Sigh. I'm watching this movie my uncle **highly** recomended. Navajo mystery. Clearly not enough budget for rehearsals. Acting a bit mechanical. However, the doc & sheriff is screaming for a slash fic story to be written.
It strikes me that the Folsom Street Fair people probably enjoy having a few less, um, extreme people around. After all, they can hardly shock or surprise each other and I imagine that there is some entertainment value in shocking people.
There is a poor cat crying mournfully at my back door. I'm wondering if it is my upstairs neighbor's cat that they're not supposed to have. It occasionally escapes. They're not home, and my asthma is bad enough lately that I really don't want to go near it.
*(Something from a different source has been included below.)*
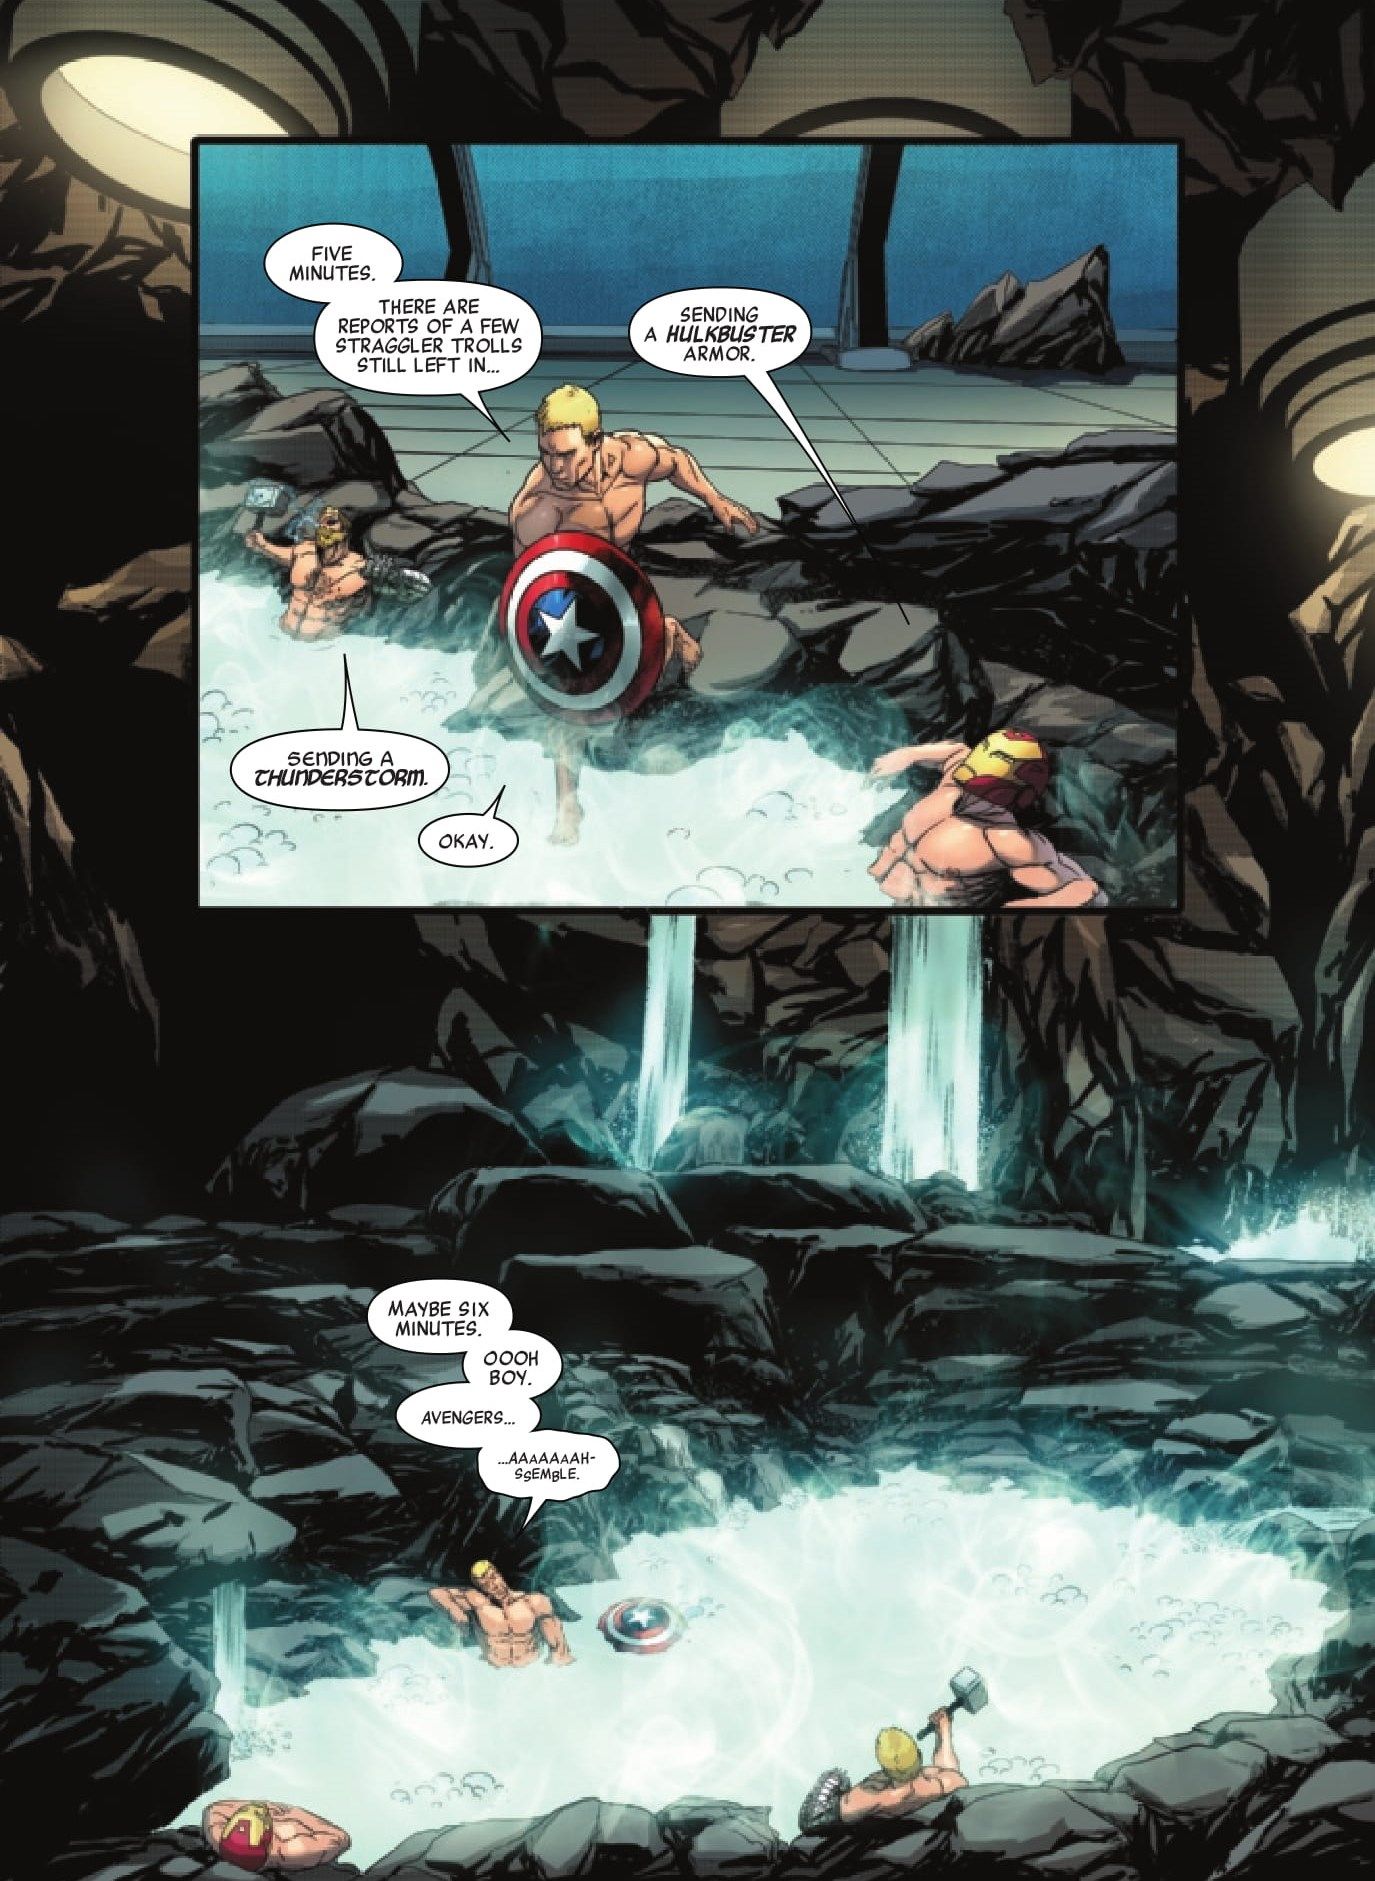 Marvel S Avengers Finally Enjoy Some Naked Hot Tubbing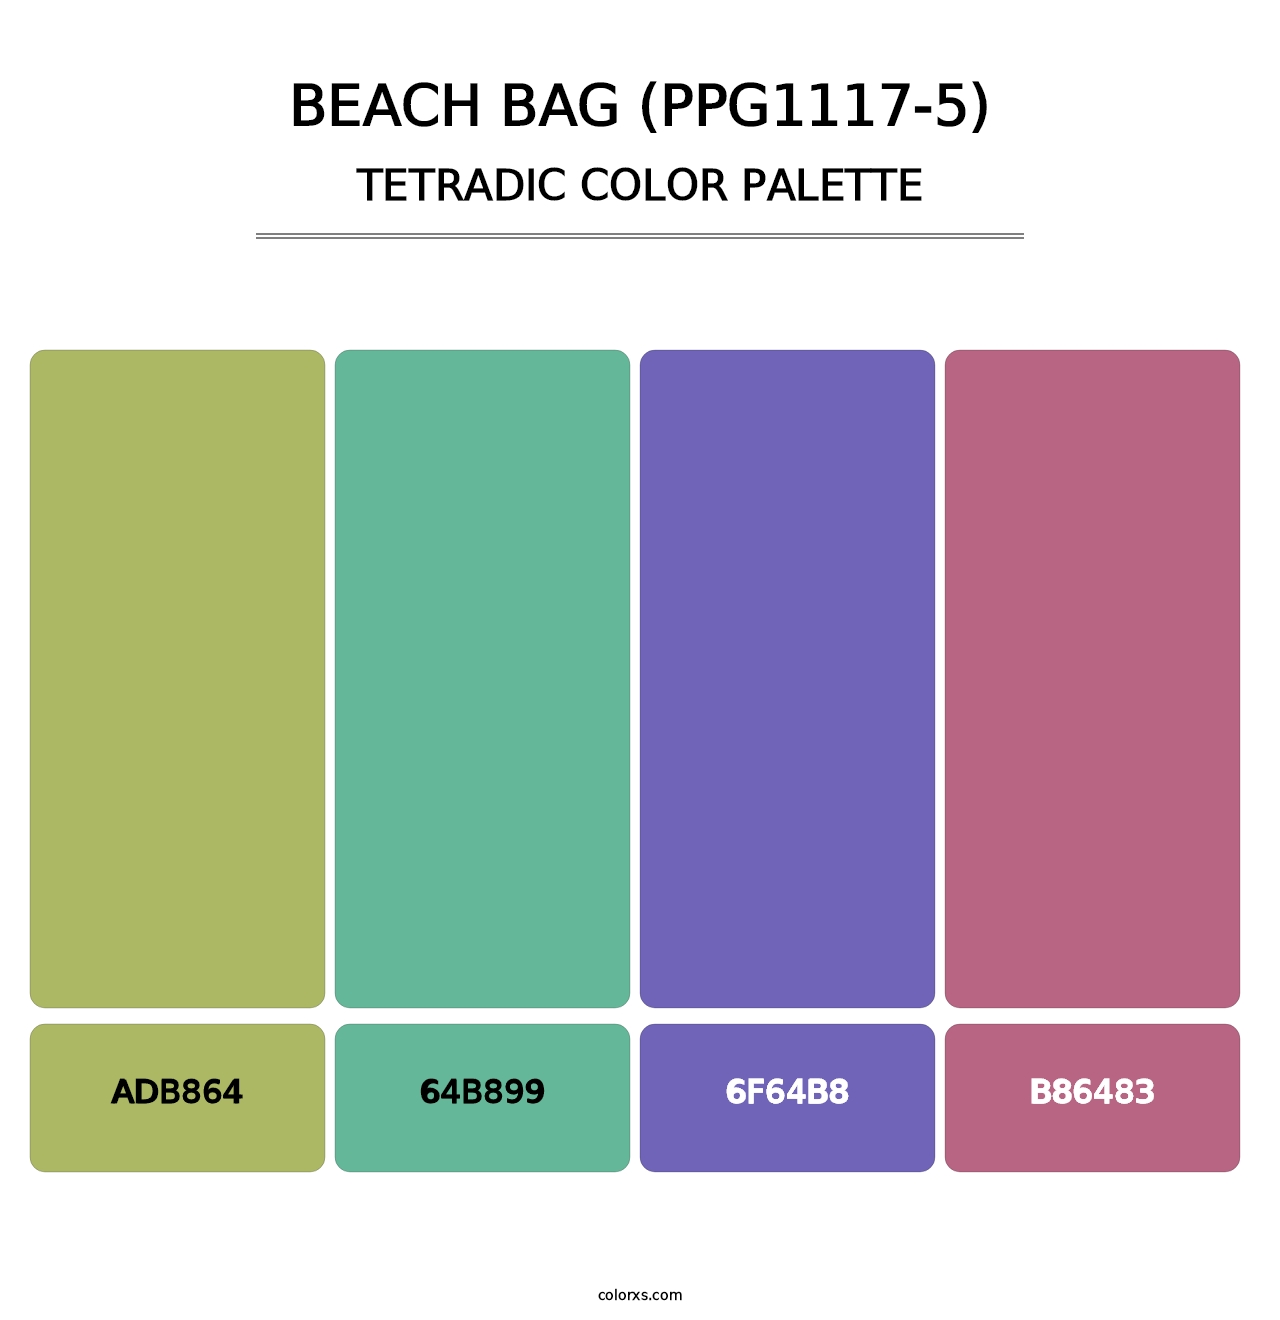 Beach Bag (PPG1117-5) - Tetradic Color Palette

It strikes me that the Folsom Street Fair people probably enjoy having a few less, um, extreme people around. After all, they can hardly shock or surprise each other and I imagine that there is some entertainment value in shocking people.
Vast
entertainment value.
Beneath my semi-Victorian swoopy exterior lies someone that makes Jilli go "EEP!", cover her face, and run away - ah, the stories I can tell from dating a very interesting gentleman in San Francisco, and going to Sunday mass (St. Gregory of Nyssa's) all duded up for Folsom.
I KEED YOU NOT!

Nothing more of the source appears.